Work instructions » The lines below, from the one holding "Lavender Plant in Snow" through the one holding "[Legend of Chu and Han]Liu Bang by Wavesheep", are to be restated word for word, with all images left out.
··· Record set
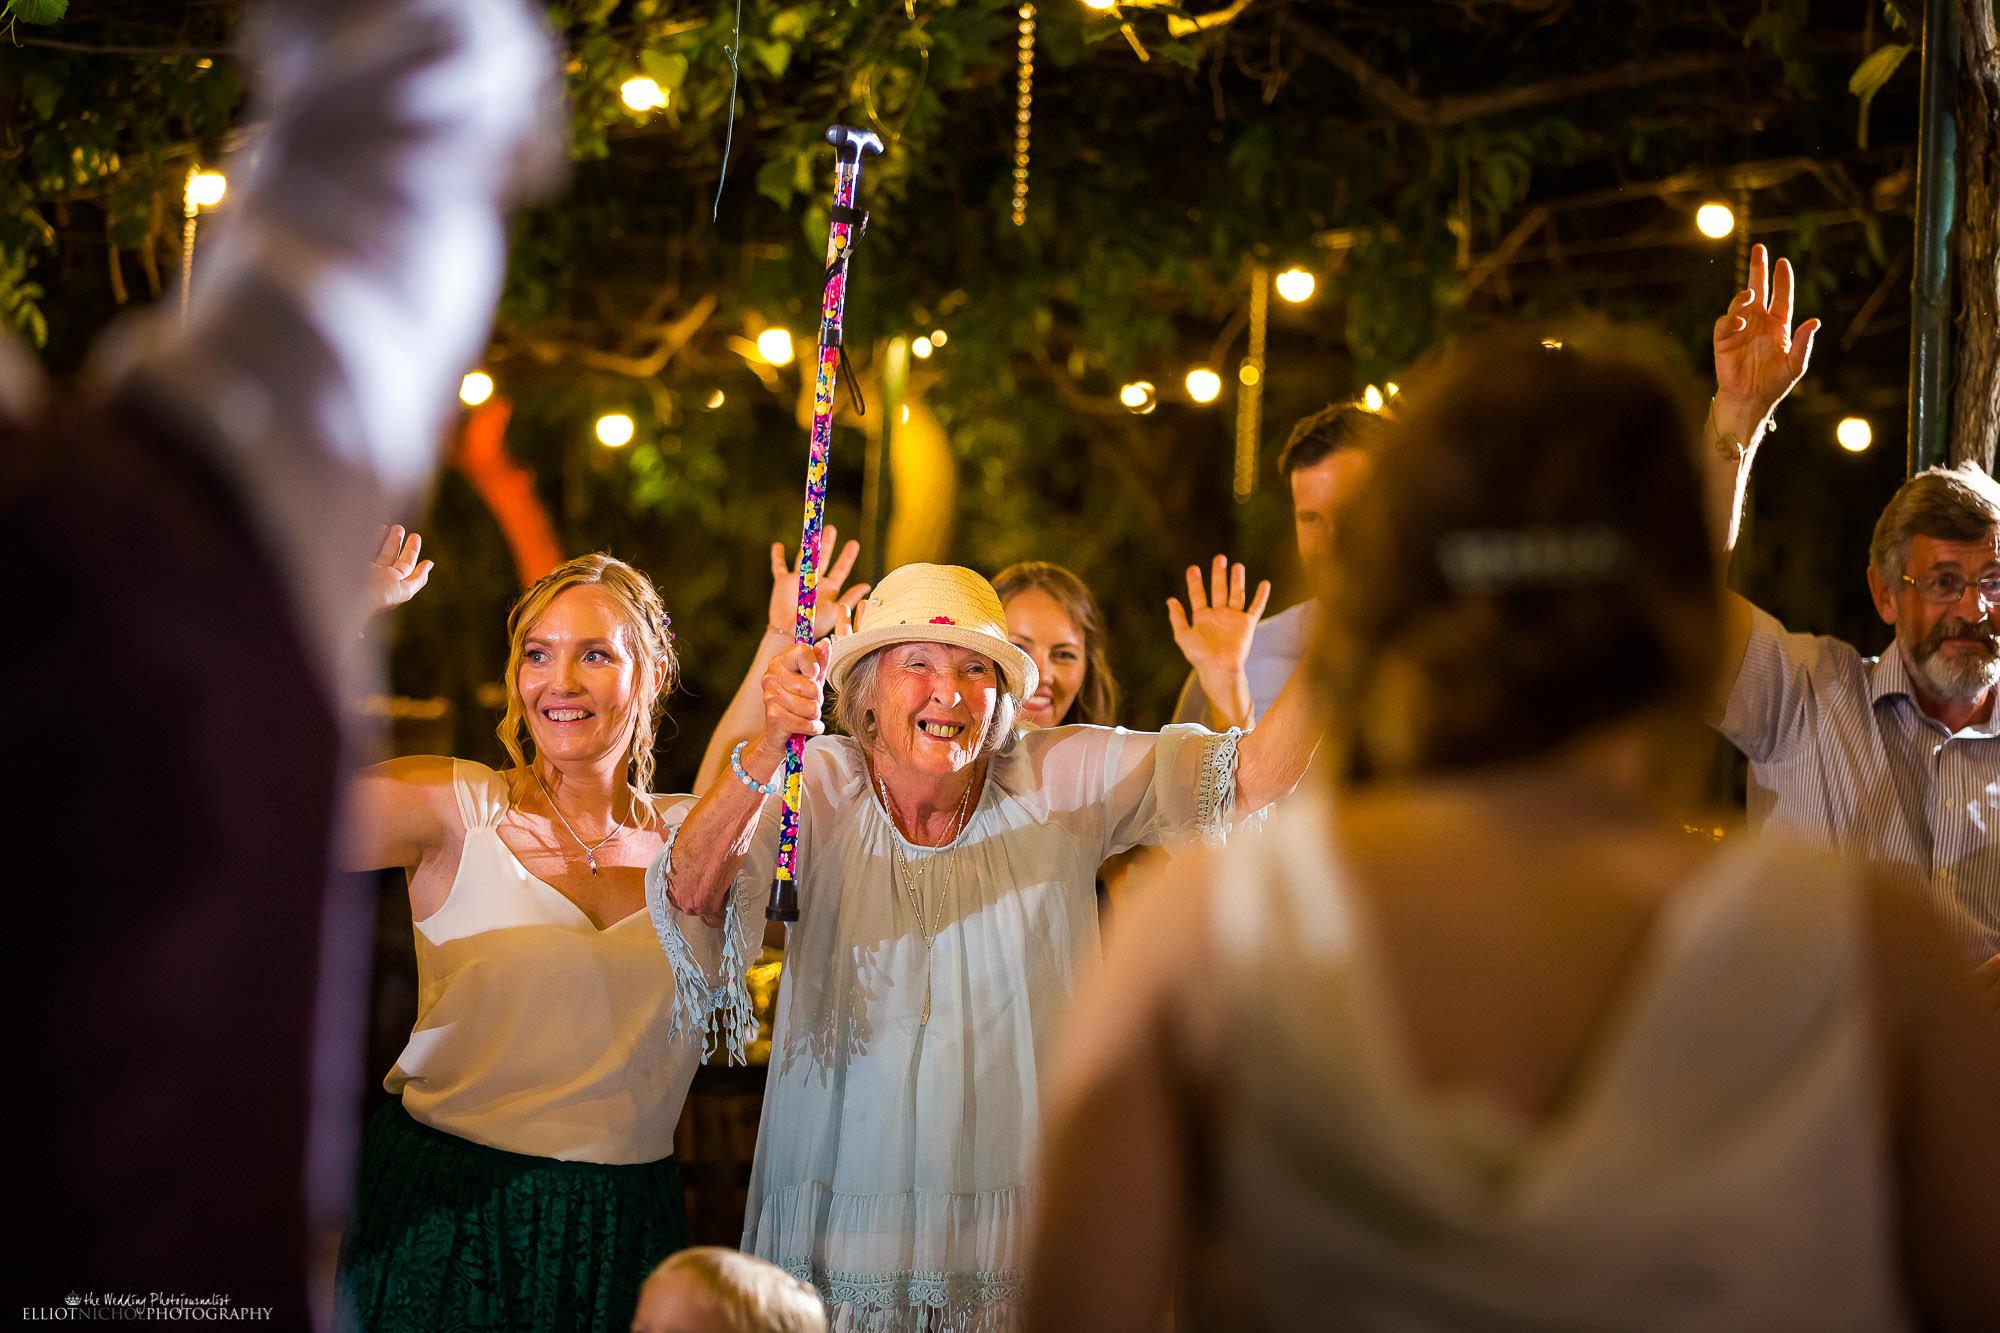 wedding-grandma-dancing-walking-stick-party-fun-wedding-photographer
······
··· Record set
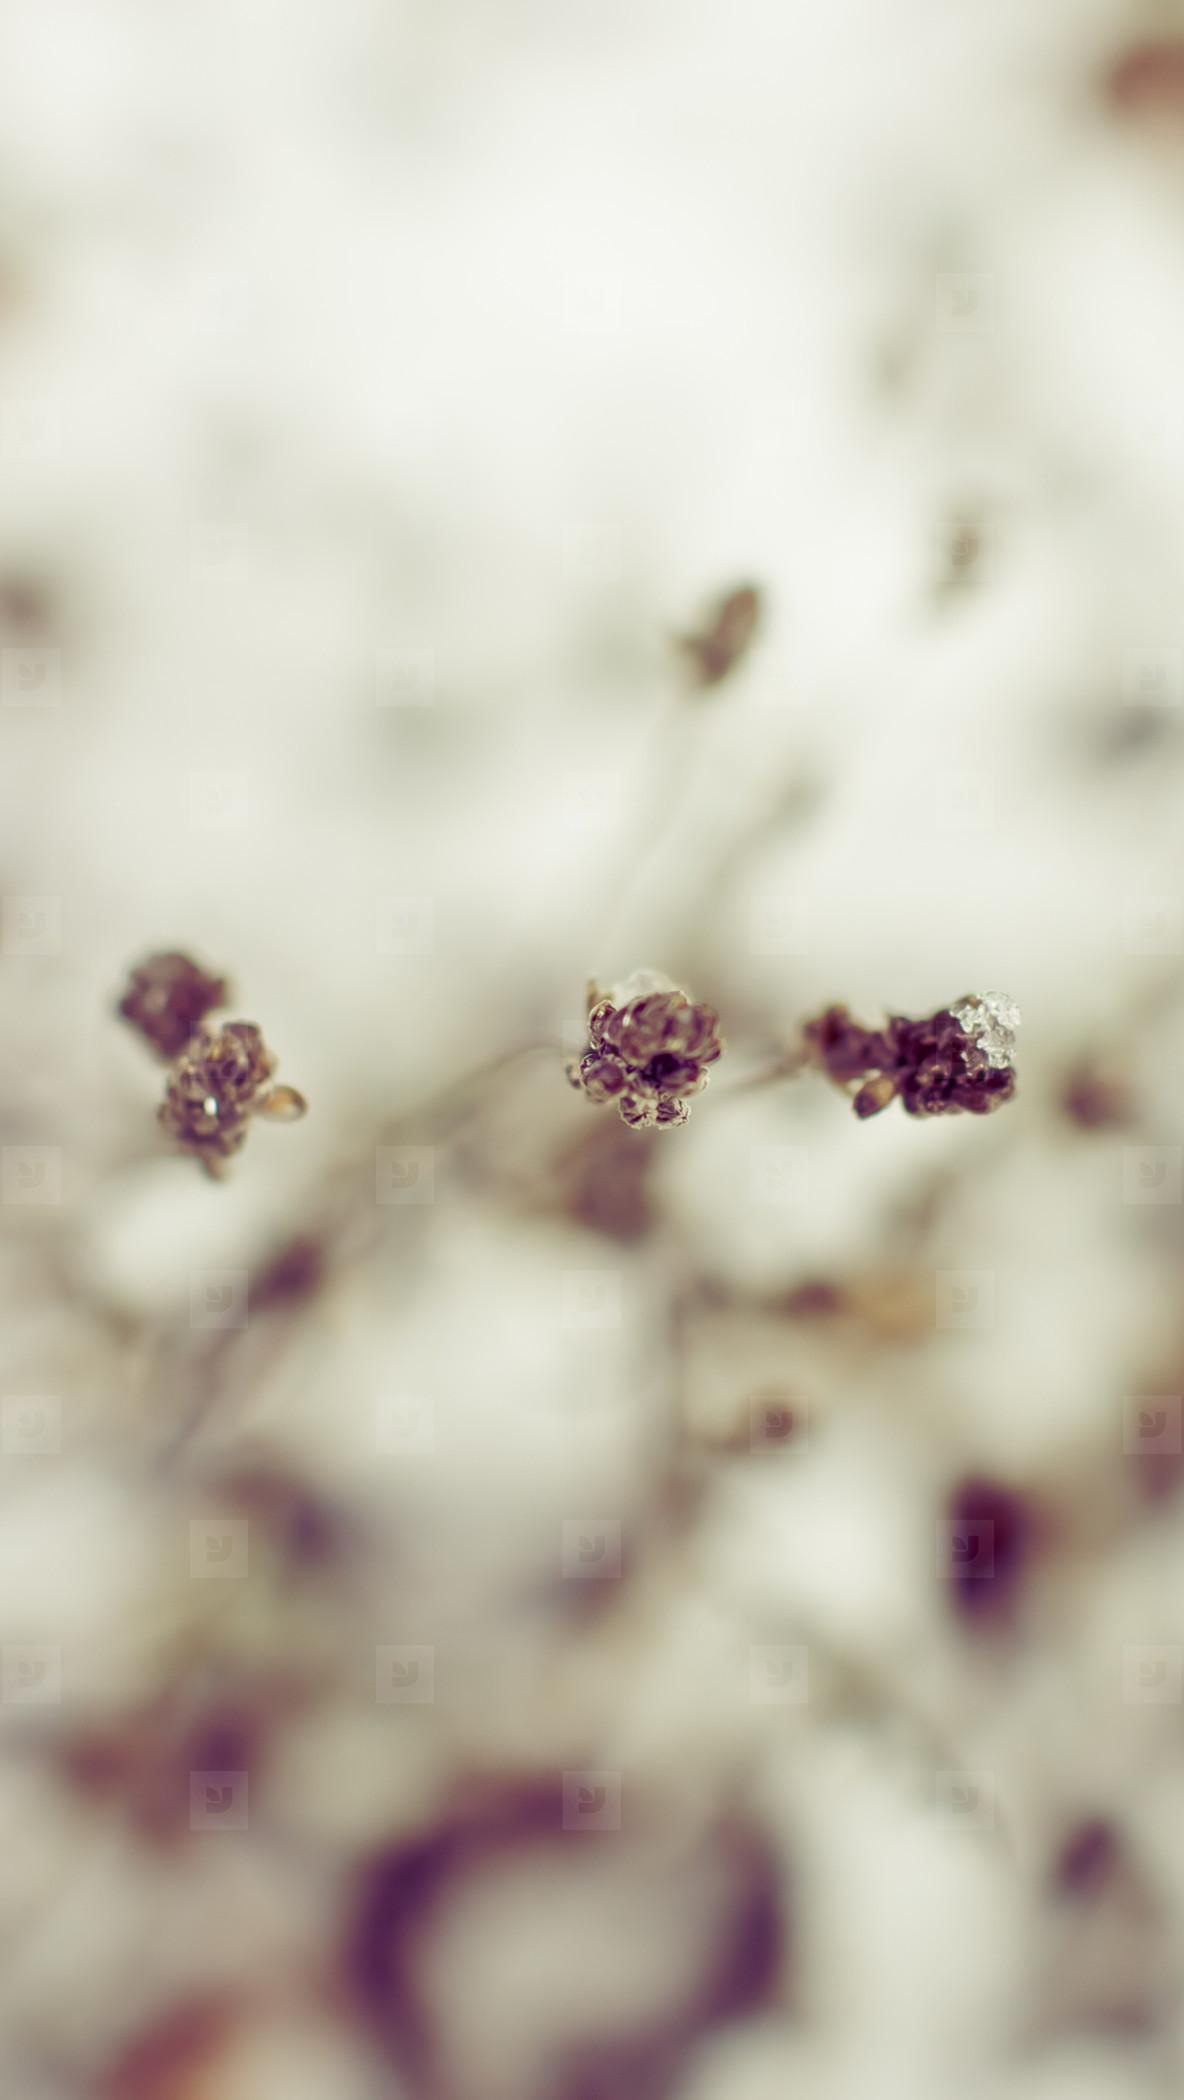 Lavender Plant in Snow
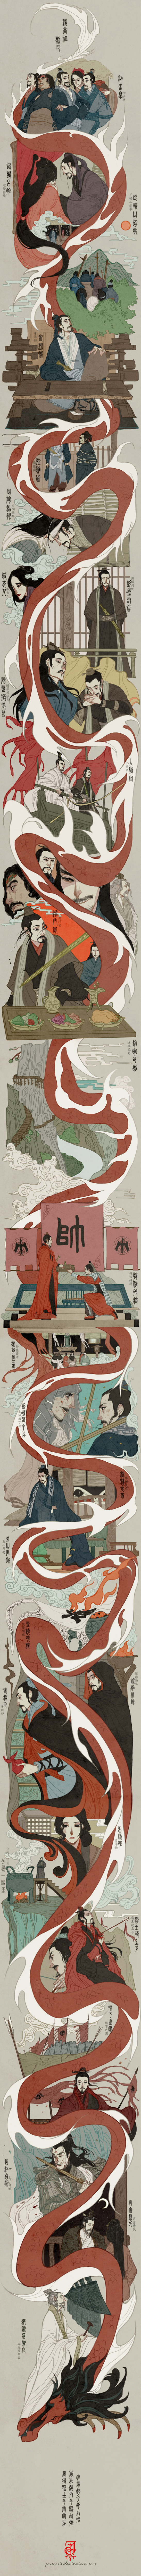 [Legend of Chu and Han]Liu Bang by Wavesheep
······
Written answer »
 Lavender Plant in Snow
 [Legend of Chu and Han]Liu Bang by Wavesheep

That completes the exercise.